This repository provides instructions for downloading and preprocessing the EEGMMIDB dataset, a dataset commonly used for EEG (Electroencephalogram) analysis. The dataset is hosted on PhysioNet and contains EEG recordings from subjects performing motor imagery and executed movements.
To download the dataset, use the following command in the project root:
wget -r -N -c -np https://physionet.org/files/eegmmidb/1.0.0/
This command uses wget
to recursively download the necessary files from the PhysioNet repository.
Create a virtual environment and install the required packages by running the following commands:
python -m venv venv
source venv/bin/activate # On Windows, use `venv\Scripts\activate`
pip install -r requirements.txt
This ensures that you have a clean environment with all the dependencies.
Run the preprocessing script to generate preprocessed TensorFlow datasets:
python preprocessing.py
Create the tf dataset running
python preprocessing.py
It is possible to change the values passed to each variable, but any changes will have to be adjusted in the model loader in the master.ipynb. Example:
python preprocessing.py --batch_size 2 --stride 100 --n_steps 700
This script handles the necessary steps to preprocess the EEGMMIDB dataset and prepares it for further analysis.
The getXYdata
function extracts EEG signals (X) and labels (y) from the raw EEG recordings. The labels are encoded using LabelEncoder
to convert categorical labels into a numerical format.
The splitTimeSeries
function segments the time series data into instances with a specified number of steps (n_steps
) and a specified stride. Choosing appropriate values for these parameters is crucial for subsequent analysis.
The generator_function
iterates over EEG recordings of different individuals and exams using MNE to read raw EEG data. It calls getXYdata
and splitTimeSeries
to yield segmented instances for training.
The create_tf_dataset
function converts the generator function into a TensorFlow dataset, specifying the output signature for X and y.
Command-line arguments such as --batch_size
, --stride
, and --n_steps
impact the preprocessing pipeline. The optional --save
argument allows for saving the full train and test datasets.
The full dataset is split into training and testing sets with an 80-20 split. Optionally, users can save the datasets using tf.data.experimental.save
.
The --tiny
argument allows for creating smaller datasets (tiny_train_dataset
and tiny_test_dataset
) useful for faster testing during development.
The following models were trained and tested with 5% of the original dataset separated into batches of 512 instances each, with a stride of 100 between the data points and 200 time steps per data point. Each model was trained with 30 epochs and the training and testing (validation) data do not overlap.
- Recurrent: a simple recurrent neural network was the first tested model, it clearly did not yield good results as it did underfitted severely and only predicted a single class on the test set.

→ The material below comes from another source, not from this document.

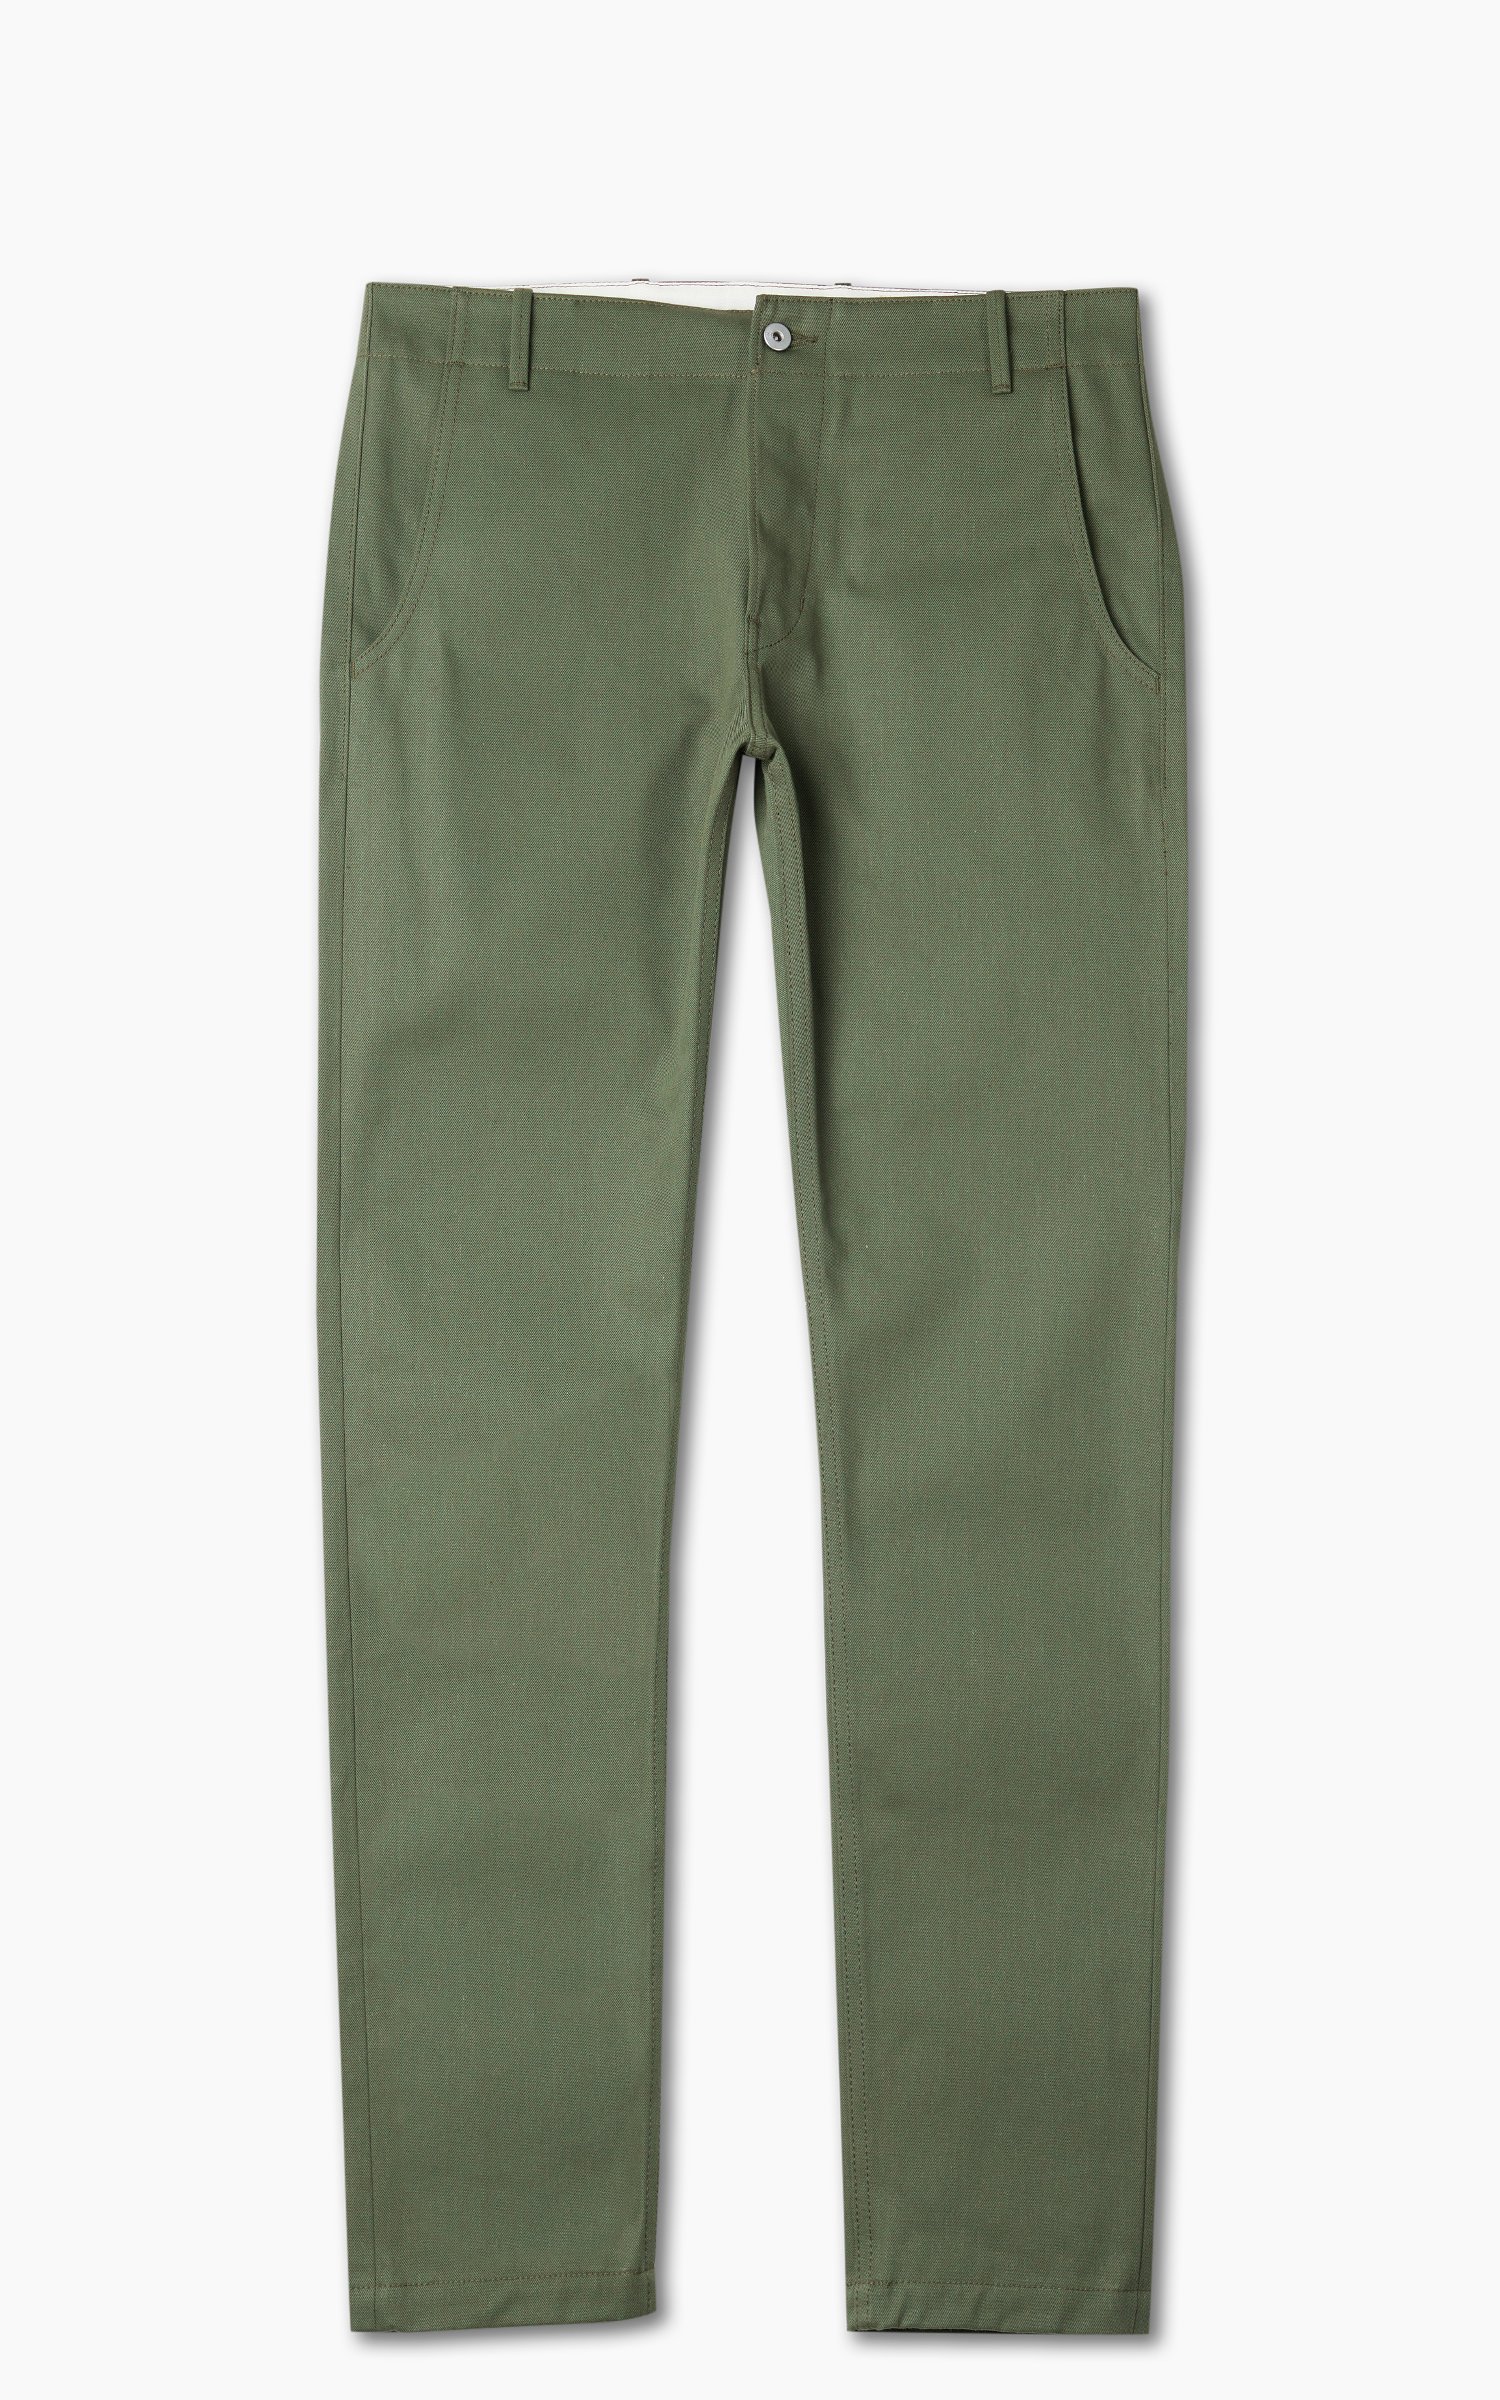 Rogue Territory Infantry Pants Green Selvedge | Cultizm

- Recurrent Complex: a more complex recurrent neural network. It did also underfitted.
- Wavenet: Similar result to both recurrent models.
- Convolutional: A medium sized convolutional neural network. It overfitted and was the only model to predict different classes regularly over the dataset, all the other models only predicted a single class.
- Convolutional Regularized: In an attempt to stop the overfitting and improve performance over the test set the standard convolutional model was regulzarized using dropout layers, but it resulted in underfitting.
None of the models were able to predict the target variable with significant accuracy on the test set. The one which got the closest was the deep convolutional model.
The next steps will be:
- improving pre-processing: Adding fast fourier transform to the pre-processing layer and generating images from the dataset will greatly add to the depth of information and should improve drastically the performance of the convolutional models.
- Variational autoencoders: The state of the art papers in the field all use convolutional variational autoencoders to analyze and classify the resulting spectrograms from the fft, so these models might be the ideal tools to reach the envisioned goal of classifying motor imagery electro encephalogram datasets.
The initial models used in this project are sourced from the following repository:
https://github.com/ageron/handson-ml3/blob/main/15_processing_sequences_using_rnns_and_cnns.ipynb
These models serve as a starting point for further development and experimentation with the EEGMMIDB dataset.